Die Stunde der Andrea Nahles
Nach Schulz-Rücktritt. Die 47-Jährige wurde als SPD-Chefin nominiert, muss aber bis April warten
Wo ist eigentlich Gerhard Schröder? Der Polit-Pensionär, der seiner Partei in schwierigen Zeiten gerne Tipps aus der Ferne gibt, weilt bei den Winterspielen in PyeongChang. Doch das Spektakel in Berlin wird ihm nicht entgangen sein: Der Chefsessel hat sich wieder einmal als Schleudersitz erwiesen. Martin Schulz erklärte gestern seinen Rücktritt („Ich scheide ohne Bitterkeit und Groll“). 2005 warf Schröder hin. Daran mitbeteiligt: die Parteilinke um Andrea Nahles. Als Juso-Chefin bezeichnete sie Schröder als „Abrissbirne an der SPDProgrammatik“, trommelte gegen seine „Agenda 2010“- Reformen (etwa Hartz IV). Nun steht die 47-Jährige selbst bald an der Parteispitze, aber auch in der Kritik. Nicht allen gefiel, dass sie nach Schulz’ Abgang sofort übernehmen sollte. Die Landesverbände und Parteilinken forderten ein transparentes Verfahren: Einer der Stellvertreter müsse den Chefsessel übernehmen – bis Andrea Nahles auf einem Parteitag zur Wahl steht.
So soll es nun geschehen. Die Parteispitze reagierte auf die Kritik: Interimistisch übernimmt Hamburgs Oberbürgermeister Olaf Scholz den Laden, bis Nahles am 22. April gewählt werden soll. Dort wird sie sich auch mit einer Gegenkandidatin auseinandersetzen müssen: Flensburgs Oberbürgermeisterin tritt aus Protest an und will der Partei ihre „Glaubwürdigkeit“zurückgeben.
Solchen Gegenwind ist Nahles gewohnt. Er fuhr ihr als Juso-Chefin um die Ohren, dann als Parteivize, Generalsekretärin und Arbeitsministerin. Da bewies sie, dass sie austeilen, aber auch einstecken kann. Besonders unter Sigmar Gabriel als SPD-Chef. Ihr Verhältnis gilt als „kompliziert“und wird, nachdem sie an der Personalrochade beteiligt war, nicht besser werden. Denn dass sich ein Machtmensch wie Gabriel nicht aufs Abstellgleis schie- ben lässt, mussten ihr und der SPD-Spitze bewusst gewesen sein. Ebenso, dass er kämpfen und Schulz mitreißen wird.

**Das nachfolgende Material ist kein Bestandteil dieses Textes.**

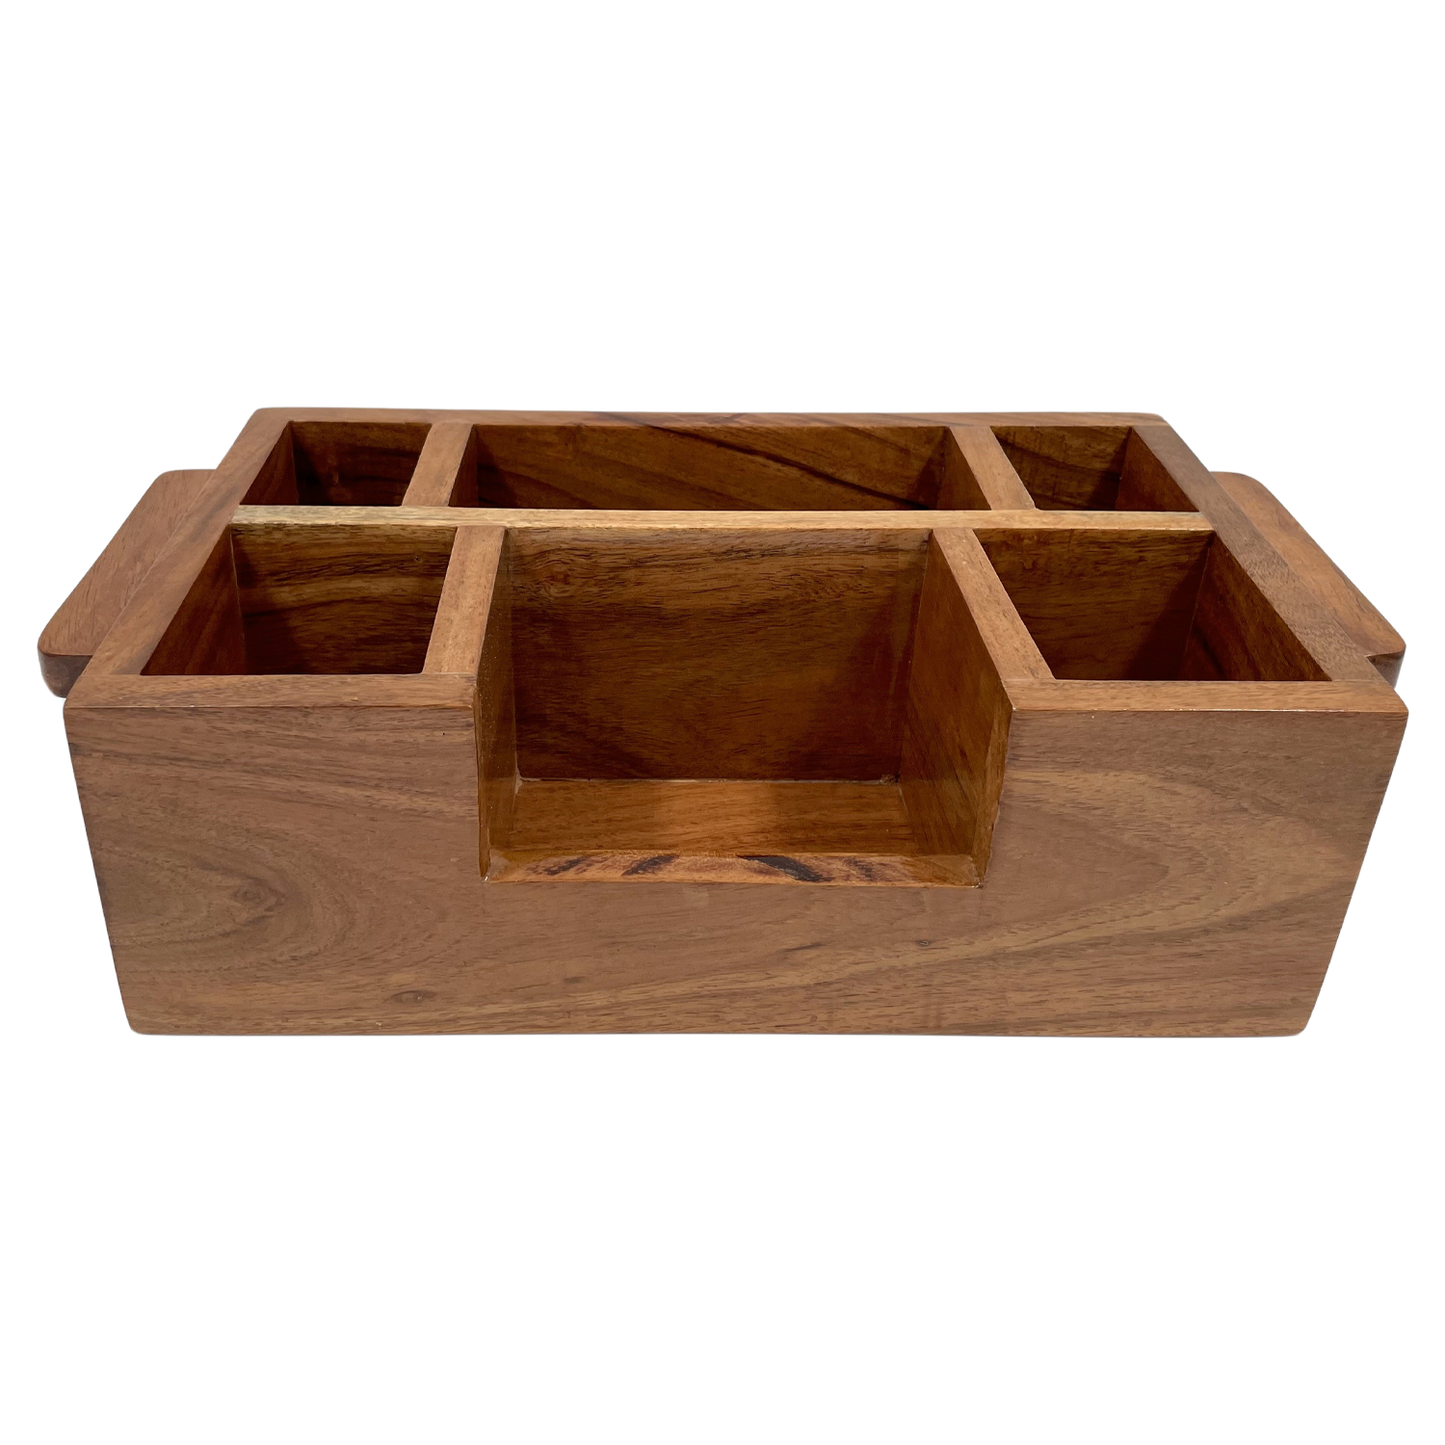 The Weaver's Nest Wooden Cutlery Holder with Salt & Pepper for Kitchen Dining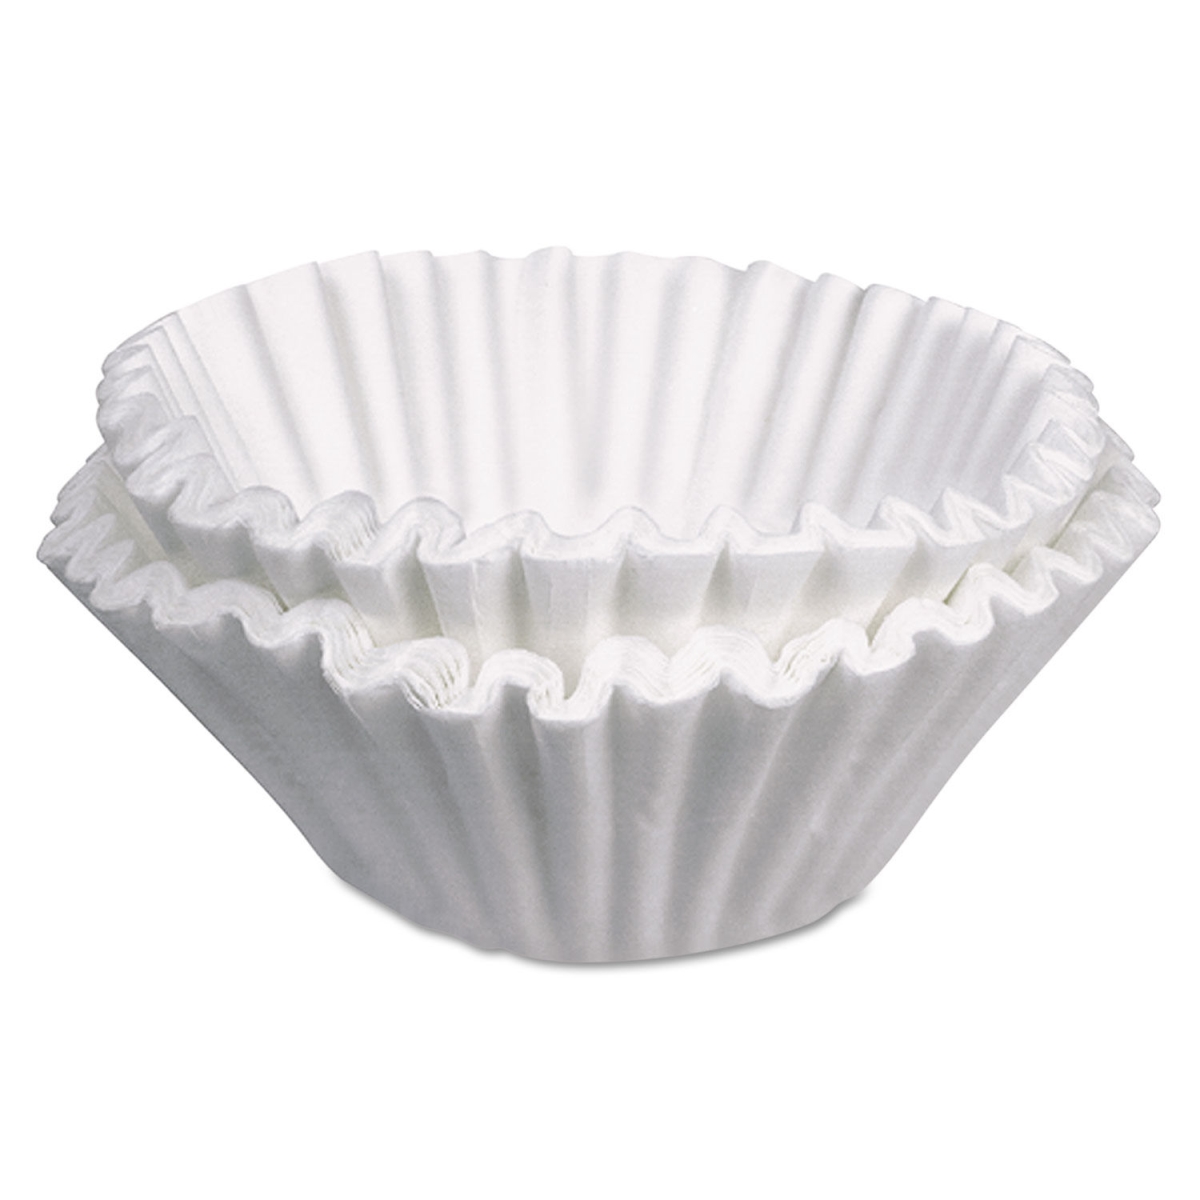 Picture of Bunn-O-Matic 20113.0000 10 gal Urn Style Flat Bottom Commercial Coffee Filters - 250 Count

Dass der Posten des Außenministers vakant und weitere noch nicht bekannt sind, reibt die Genossen zunehmend auf. Dabei soll angeblich längst vereinbart sein, dass Olaf Scholz Finanzminister und Vizekanzler wird. Er selbst schweigt dazu, hält sich die Tür im Rathaus noch offen. Denn wer weiß, ob es zur Koalition kommt. Morgen tritt er beim Politischen Aschermittwoch in Bayern auf, wo sich 2017 noch Schulz feiern ließ. Für fulminante Reden ist Scholz nicht bekannt, dafür als kühler Stratege. Mit der temperamentvollen Nahles könne er aber gut zusammenarbeiten, die beiden vertrauten einander, heißt es. Schnell wird hier in Berlin der Vergleich zu einem anderen ehemaligen SPD-Duo gezogen: Oskar Lafontaine und Gerhard Schröder. Sie teilten sich einige Jahre erfolgreich die Macht: Der eine hielt die Partei zusammen, der andere reüssierte im Kanzleramt. Wie deren Bündnis ausging, ist bekannt: Sie sind sich heute spinnefeind.